The Harris Tweed Authority (HTA) has started an online brand protection campaign to try to clamp down on abuse of its trademarks.
The efforts – which will be led by Scottish brand protection company SnapDragon Monitoring – will focus on scouting the web to find instances in which Harris Tweed trademarks are being falsely used to sell inferior copies of the world-renowned fabric.
All genuine Harris Tweed products are made from virgin wool and dyed, spun and handwoven by islanders on Lewis, Harris, Uist and Barra in Scotland's Outer Hebrides, and since 1911 have carried the distinctive Orb logo (pictured).
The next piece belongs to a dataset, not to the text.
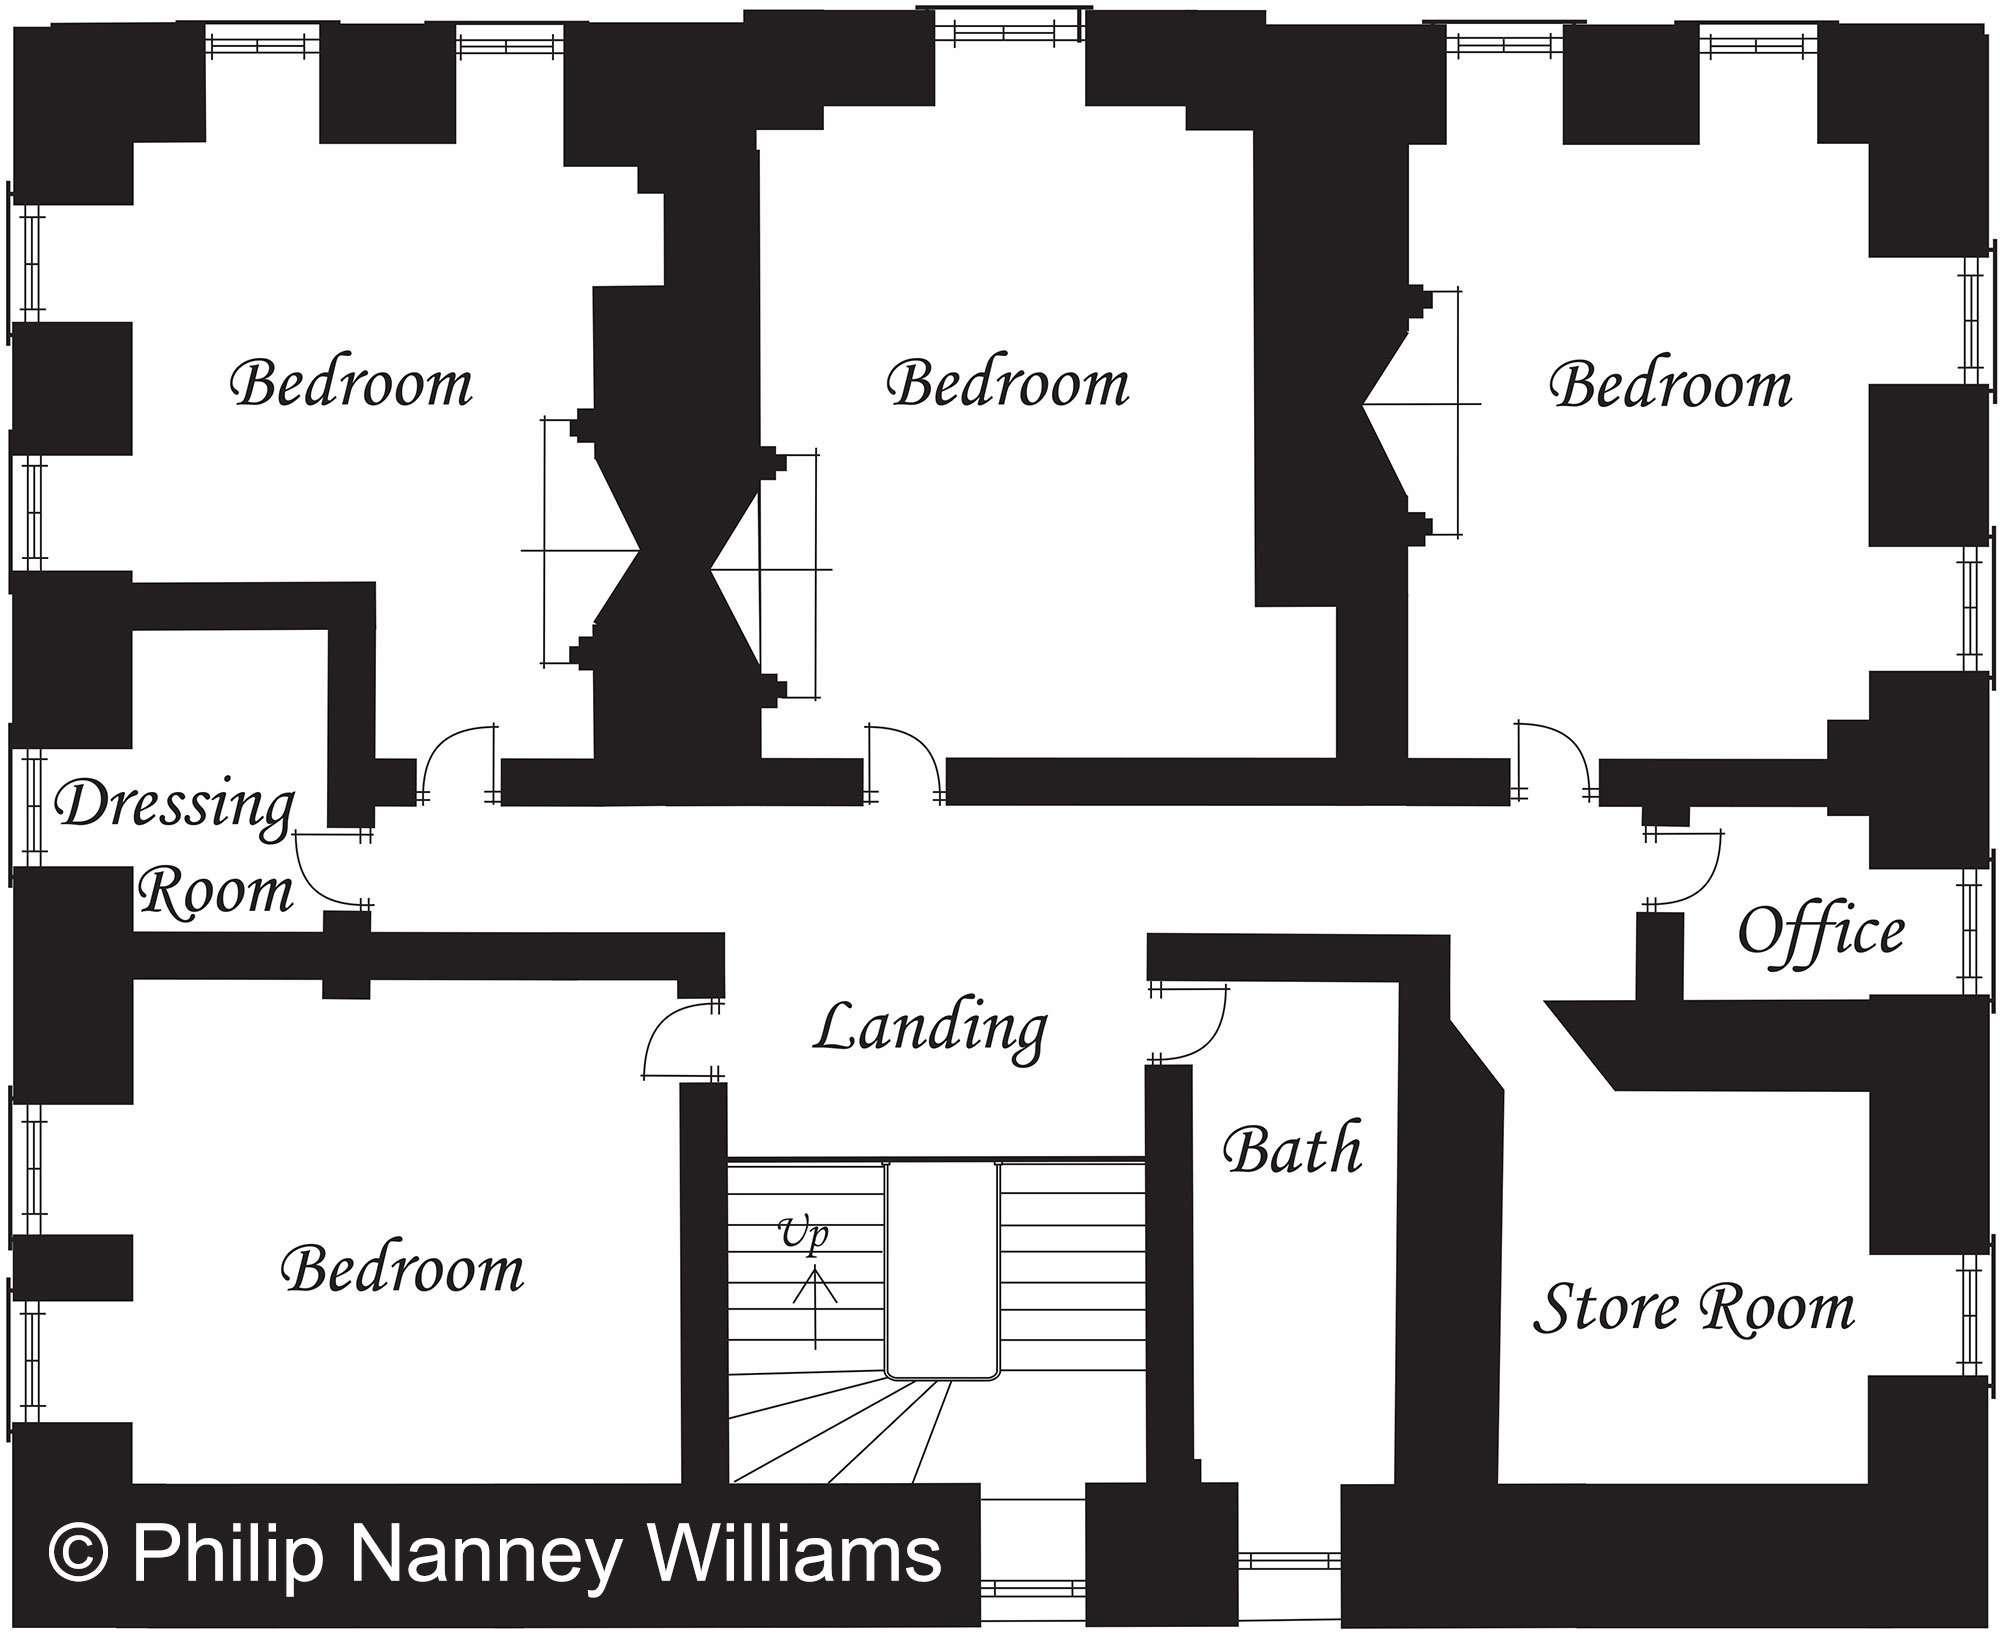 First Floor - © Philip Nanney Williams

The brand has enjoyed a resurgence in popularity in recent years, particularly in markets like Japan and China, and is now estimated to bring in more than £10m (around $13m) a year in revenues. Back in 2003, the industry was thought to be almost on its last legs.
Predictably, the brand's rejuvenation has stimulated counterfeiters to leap into action. HTA chief executive Lorna MacAuley said that the organization had been forced to take action to curb an uptick in listings on e-commerce sites that appear to be offering counterfeit Harris Tweed items.
"It has taken generations to build the Harris Tweed brand into the popular global phenomena we see today," she said. "It is our job to guard against unauthorised use of the brand and we take that role very seriously."
"The Harris Tweed Orb is one of the most recognisable trademarks in fashion, which makes it a target for fakes," added SnapDragon's founder and CEO Rachel Jones. "Our team of experts will work to eliminate the sale of Harris Tweed counterfeits online and protect its reputation for the future."